Gino Severini
Quaker Oats - Cubist Still Life, 1917
Quaker Oats – Natura morta cubista
Oil on canvas
61.2 x 49.8 cm
In his autobiography, Gino Severini recalled that by 1916 “some time had passed since I had broken off all contact with Marinetti and with the other Futurists” '. (1) His work increasingly became informed by a new emphasis “on order, discipline [and] classical tendencies”, (2) something reflected in this work’s cool tones, the crisp white of the tablecloth and the word ‘pure’ that seems to float on the surface of the picture plane. Severini’s instinctive pursuit of such values in works of Synthetic Cubism (3) like Quaker Oats foreshadows the wider post-war ‘return to order’ and his own more consciously austere compositions of 1919, created in accordance with rigorous mathematical principles. It also anticipates the work of figures such as Amédée Ozenfant and Charles Edouard Jeanneret (Le Courbusier), who created a number of ‘Purist’ still lifes employing stark, elemental forms between 1918 and 1925.

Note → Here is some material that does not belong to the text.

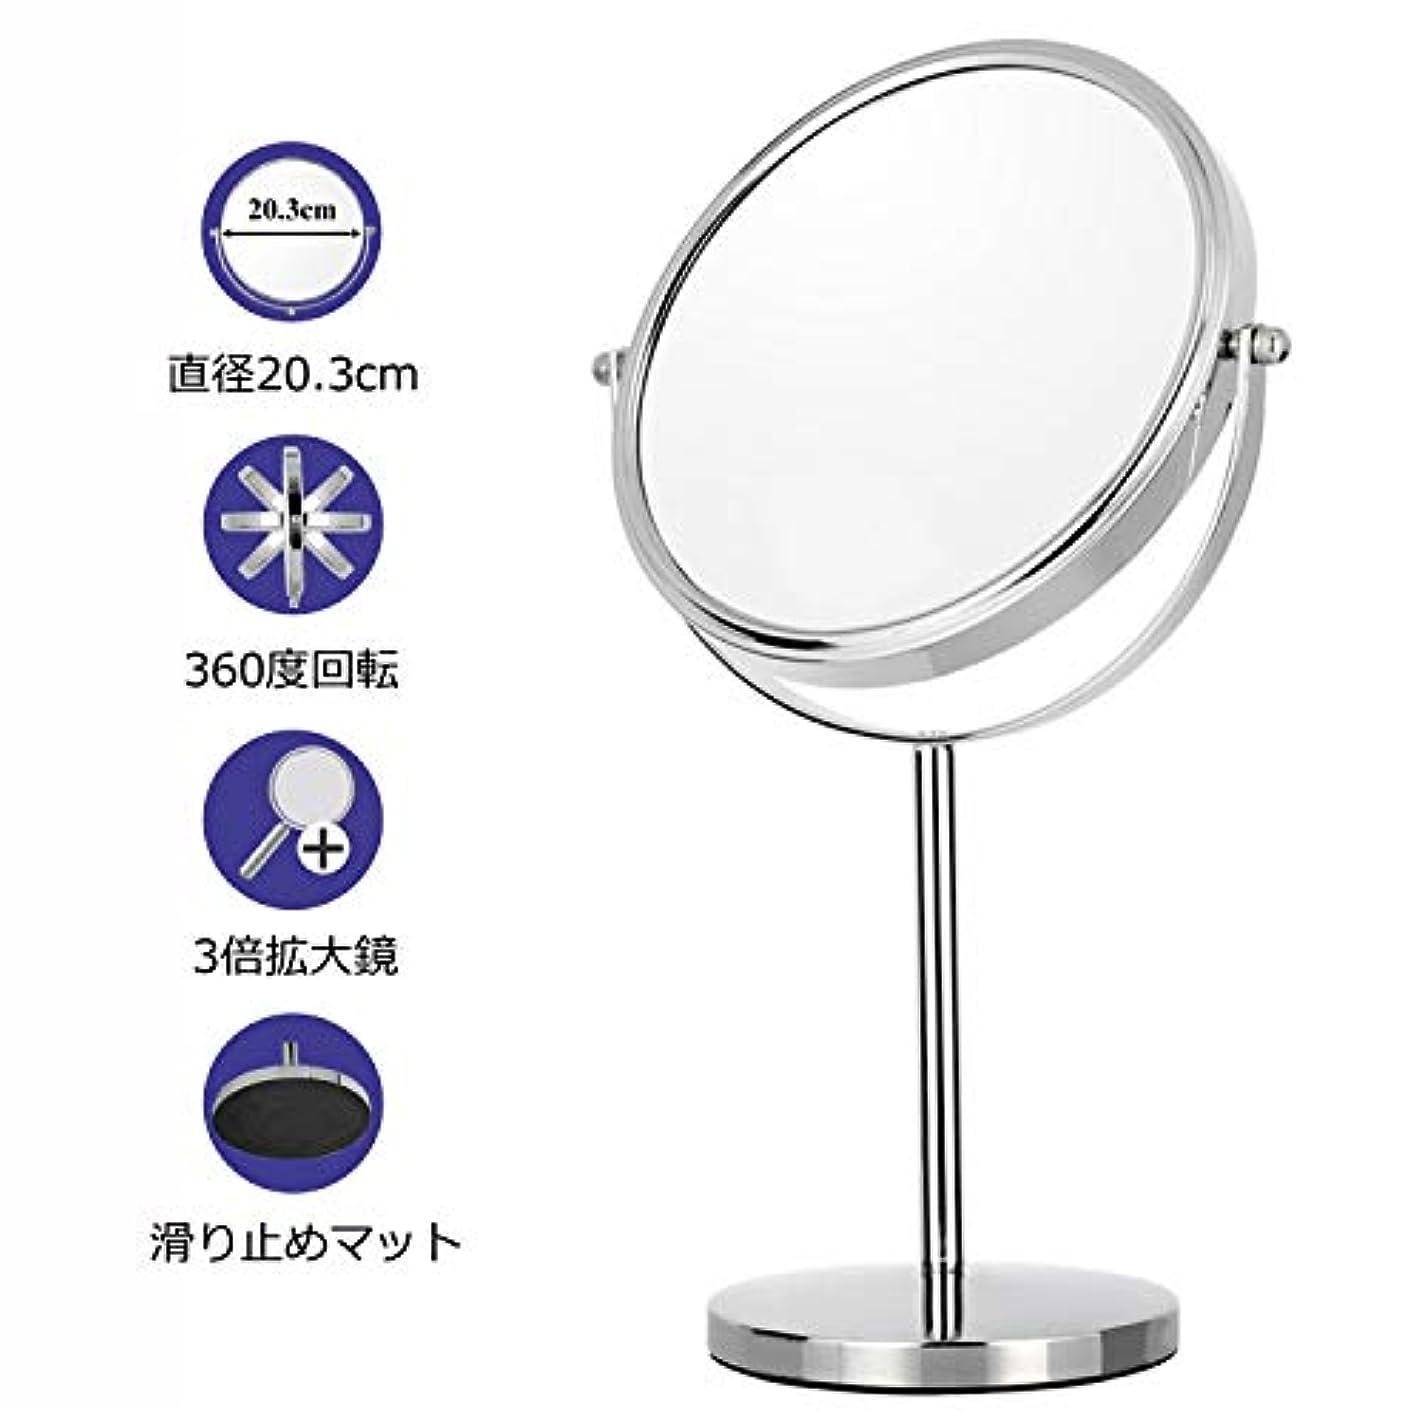 最大限標準数学鏡 卓上 拡大鏡付き 3倍卓上鏡 真実の両面鏡 浴室鏡 ミラー 360度回転 スタンドミラー クロム 鏡 (鏡面23.2cm)

(1) Gino Severini, The Life of a Painter (Princeton: Princeton University Press, 1995), p. 164. (2) Ibid., p. 208 (3) “In the early stages of Cubism the painters had begun with a more or less naturalistic image which was the fragmented and analysed [...] in the light of the new cubist concepts of space and form. Now the process was reversed: beginning with abstraction the artists worked up towards representation. The transformation from an ‘analytical’ to a ‘synthetic’ procedure had been achieved.” John Golding, ‘Cubism’, in Nikos Stangos (ed.), Concepts of Modern Art: From Fauvism to Postmodernism, 3rd edn (London: Thames and Hudson, 1994), pp. 50-78 (p. 66).